The book is written in a quasi-narrative style, and is, as a consequence, sadly replete with sections that feel highly anecdotal in nature, a feeling that is hard to erase because they refuse to reference the social science research they're apparently referencing. This fact, along with their somewhat opinionated writing style, only helps to make me more sceptical of whatever information they're presenting, as well as convincing me that apparently they themselves don't think (methodical/verifiable) research should play a role in this field. Because of this, it only made it more annoying when I read something which to me felt like it was an odd(ly one-sided) explanation, especially because they seemed to have trouble accepting that choosing to go to war can (sometimes) be quite rational.
The authors are a psychologist/psychoanalyst/'philosopher' and an evolutionary biologist, both turned "peace researcher", and sadly, this is rather noticeable in their treatment of most other areas of research, especially when they use 'historical' examples to prove or support a point they're making: events are often presented without describing the relevant context, characterized so generally that there really is no point in referencing it at all, or sometimes just flat-out wrong.

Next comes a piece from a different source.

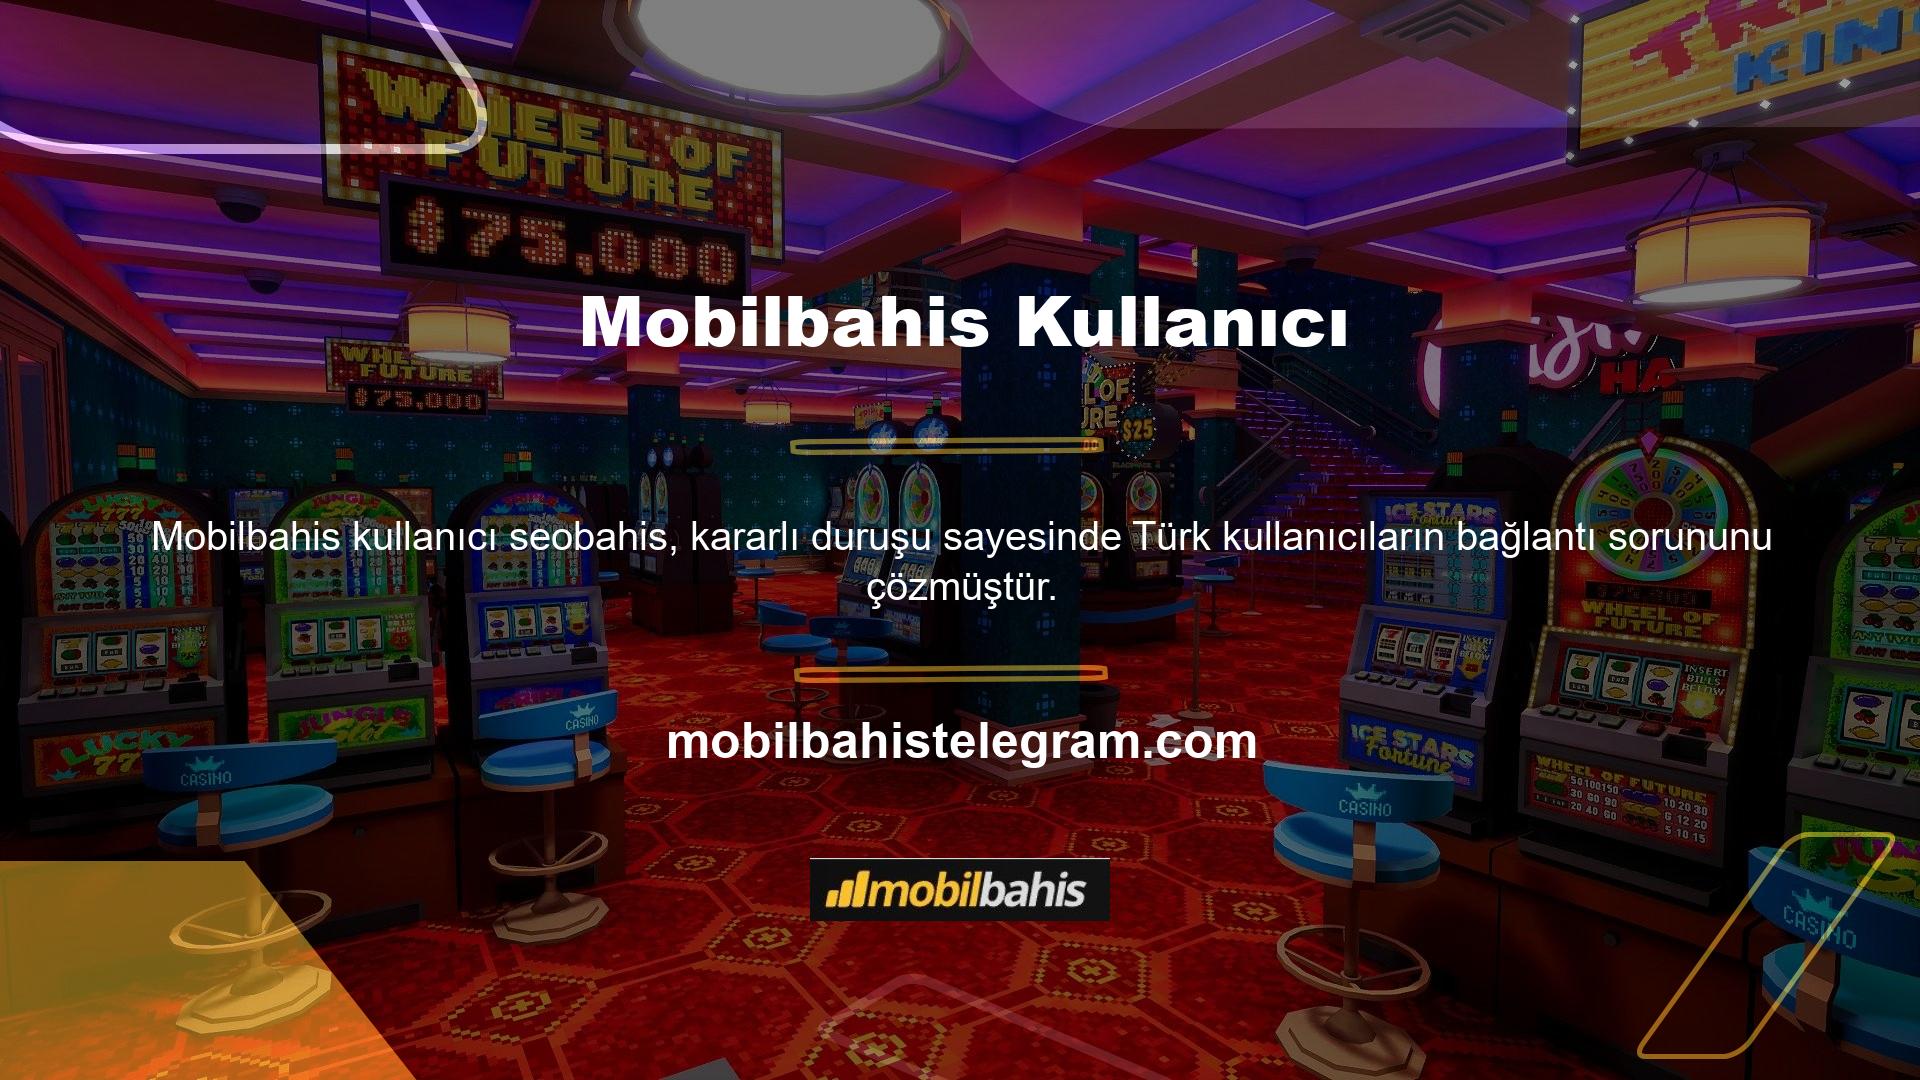 Türk hukukuna göre Mobilbahis web sitelerine bağlı ticari şirketlerin kapatılması alışılagelmiş bir durum değildir

One example of this last category is found when they state that "the defeat of the Armada in 1588 marked the end of Spain as a global power." (p.186) The sailing of the "Armada" really constituted only the first attempt to conquer England, so that, while you might call it the "beginning of the end", it certainly didn't result in the instant oblivion of the Spanish empire. While this could be seen as a minor problem if it was the exception, the issue I have with it is that they refer to research in lots of different areas of study, apparently all relevant to "peace and conflict studies", and yet, they apparently don't care enough to do even the most basic research before writing a book on it. To me, this only suggests that not even they take their own field seriously.
Continuing with my criticism, in another part of the book they ask the question whether population increases can be correlated with increased occurrence of wars, at which point they 'cite' as evidence the 100 years war as "a war that went on during the Black Plague", while the Plague arrived at least a decade after the (first phase of the) 100-years war had broken out. (p. 198) This proves absolutely nothing, especially because the 100-years war was a war with enormous pauses, whereas more recent wars have generally been shorter, and more intense, which all seem relevant considerations to me, but apparently not to the authors.
They also more than once reference "popular"/recent events without being very clear about what they're referring to specifically, which to me makes these insertions seem more like glib remarks or insider jokes than serious points they're making, which can rather confusing at times, especially when they extrapolate from anecdotes or single cases to trends. While this may sometimes lead to valid insights, it is not the way to do scientific research. (One example of this is when they allude to the YUKOS/Chodorkovsky affair. I personally don't know if Russia has done things like that before, but the reference seemed rather pointless without further explanation.)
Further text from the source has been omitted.